First, Papa Finch comes down to get a drink and also to check out the current safety of the fountain to see if it's okay for the rest of the family to come down too.
Then Mama Finch swoops in gracefully, looking much like a ski jumper in flight.
Mama Finch is then joined by the young fledgling. Mama is teaching her juvenile how to drink but still has to help out sometimes by giving the fledging water directly. It will learn to do this on its own with Mama and Papa's great coaching.
The fledgling looks puzzled when Mama or Papa flies away. It is a tactic to try to get the young one to discover drinking directly from the fountain on its own.
The finches don't own exclusive rights to the water fountain, so they have to know when to share. When a female Anna's hummingbird approaches, the finch gets one last drink and then acquiesces to let the hummingbird take a turn.

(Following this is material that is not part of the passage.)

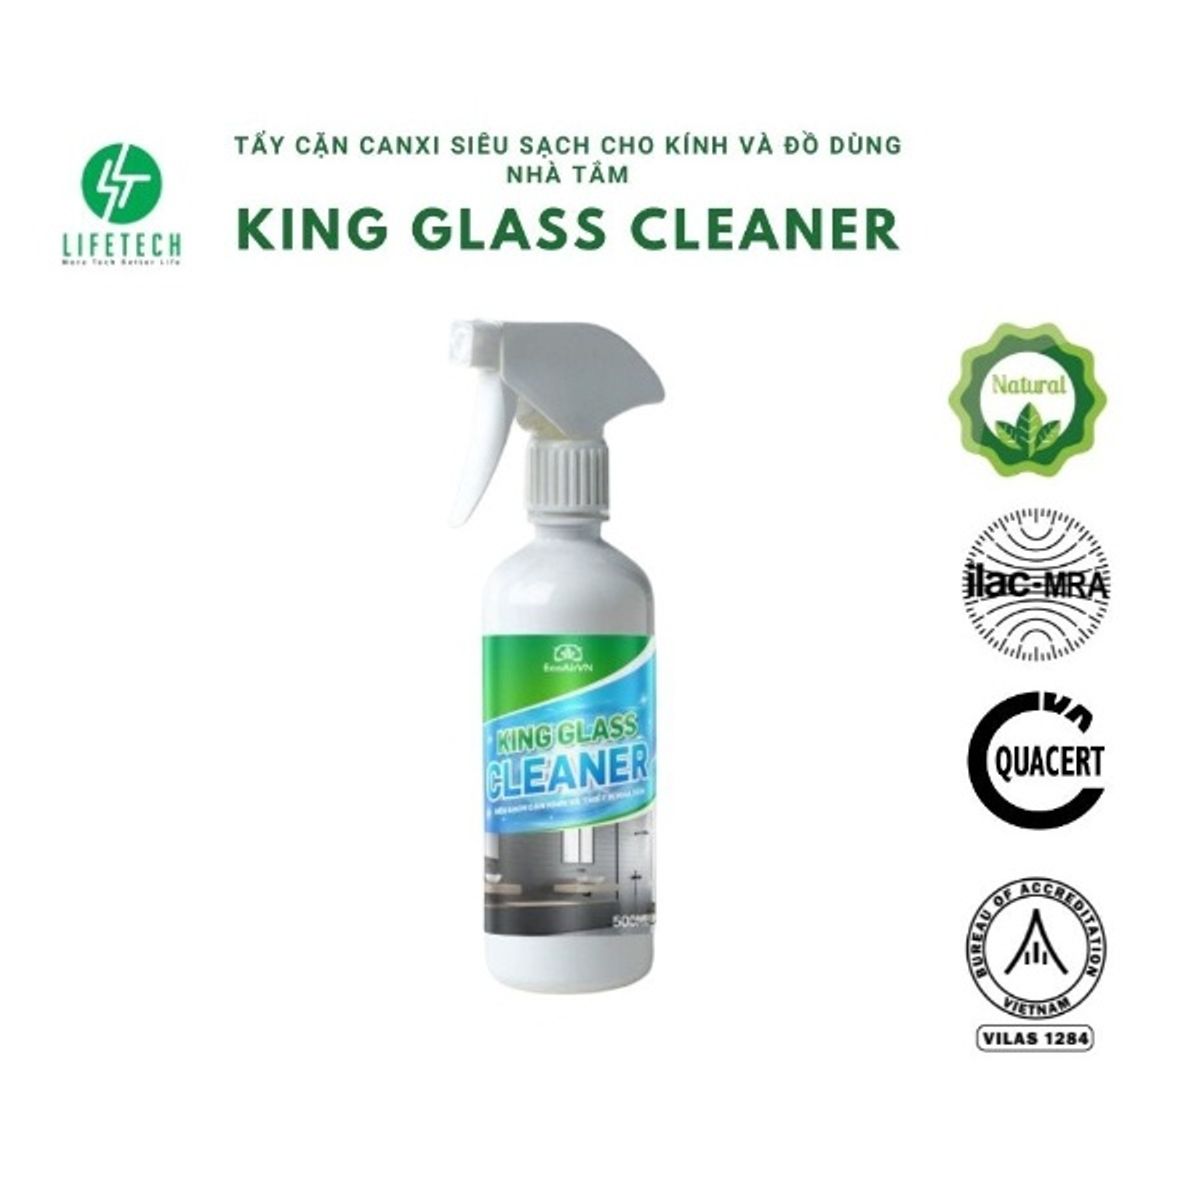 mochanstore.com TAY TRANG CAN CANXIN KINH KINGGLASS CLEANER 500ML ECOAIRVN
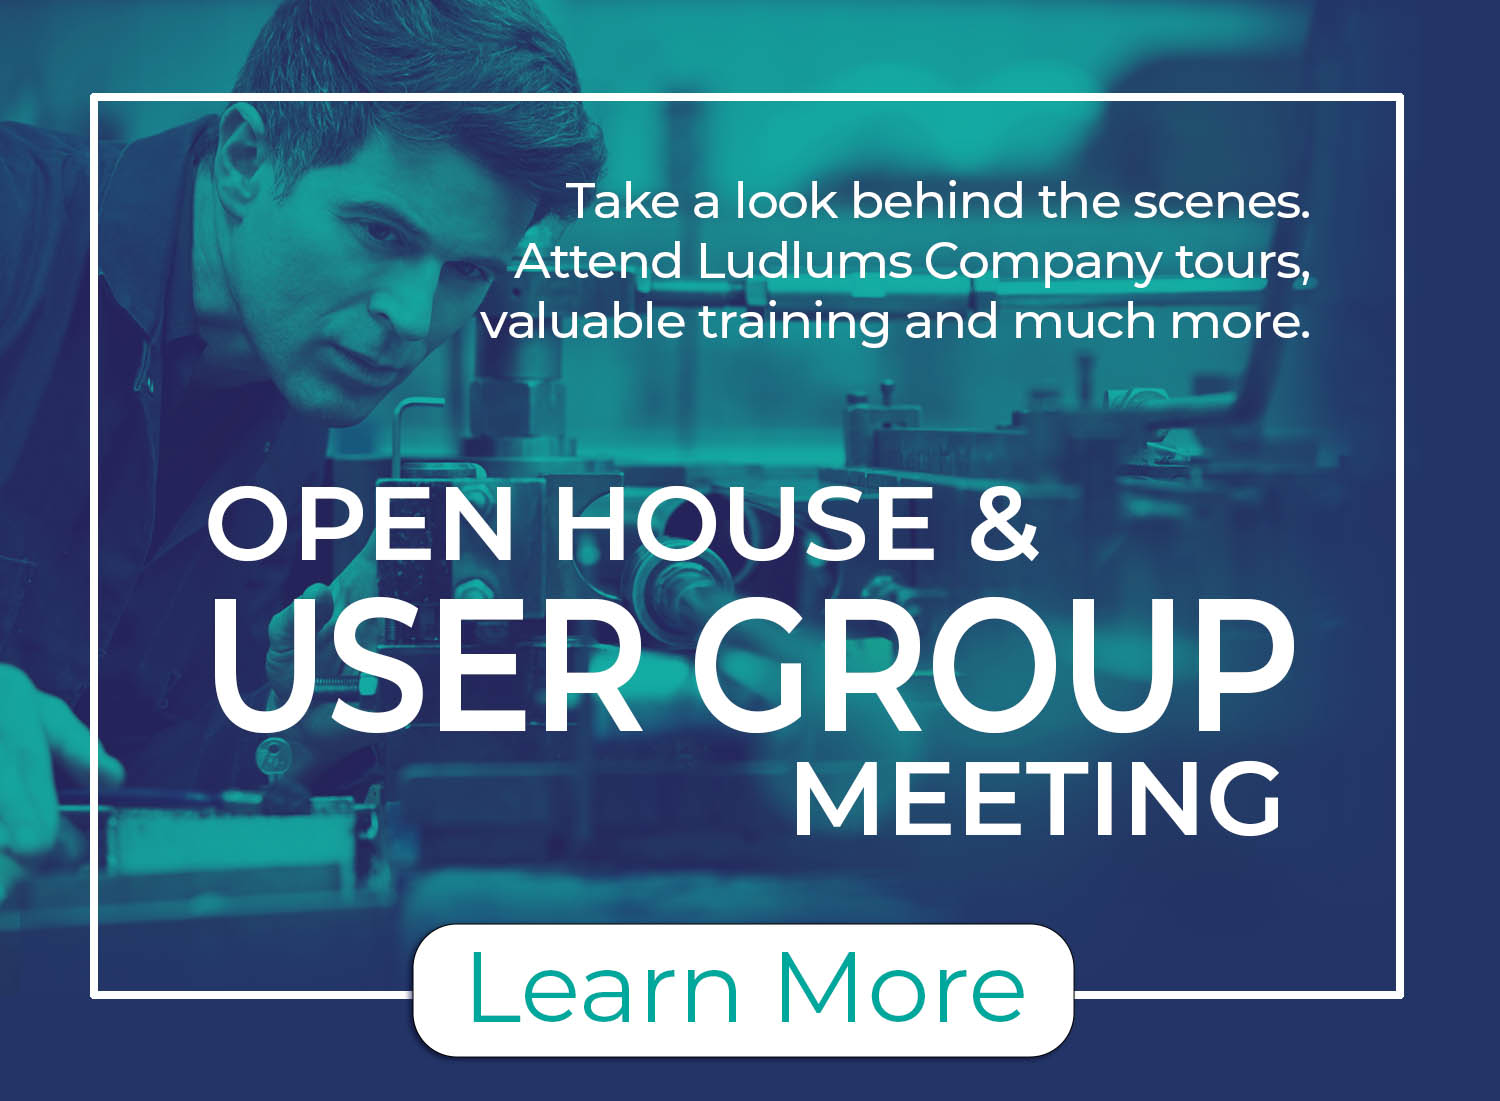 Open House & User Group Meeting - Take a look behind the scenes. Attend Ludlum Company tours, valuble training and much more.

This female Anna's is a little more cautious in approaching the fountain than other hummingbirds. She may be young or she may simply be out of her territory (hummingbirds are highly territorial and will chase off interlopers as soon as they are discovered).
She flits and darts as if she's trying to view the gurgling water from every possible angle before imbibing. She is probably feeling little droplets of water as they splash off the fountain. You can see some in the photo below.
The hummingbird is sure she wants to get a drink now and sticks out her long little tongue in anticipation of sipping from the burbling water.
She darts in and back out over and over with her tongue out catching little sips every time she goes close to the water.
After a few drinks, the hummingbird decides she has time to take a bath too.
She sits her tiny little body right in the middle of the action and drenches herself. Over the next minute or more, she is often completely enveloped in the water. Clearly, she loves baths. She's happy, content, and, eventually, very clean.
Not too far away from the bird fountain amidst the tall-ish grasses growing at the edges of the flagstone and gravels paths that meander through the garden, the visiting feral chicken (who showed up last week) is playing "jungle fowl" and hiding from me as she usually does. But my telephoto lens catches a glimpse of her anyway from across the pond that stands between the two of us. She's not a fan of humans or cameras. So I feel extremely lucky to have gotten another shot of her.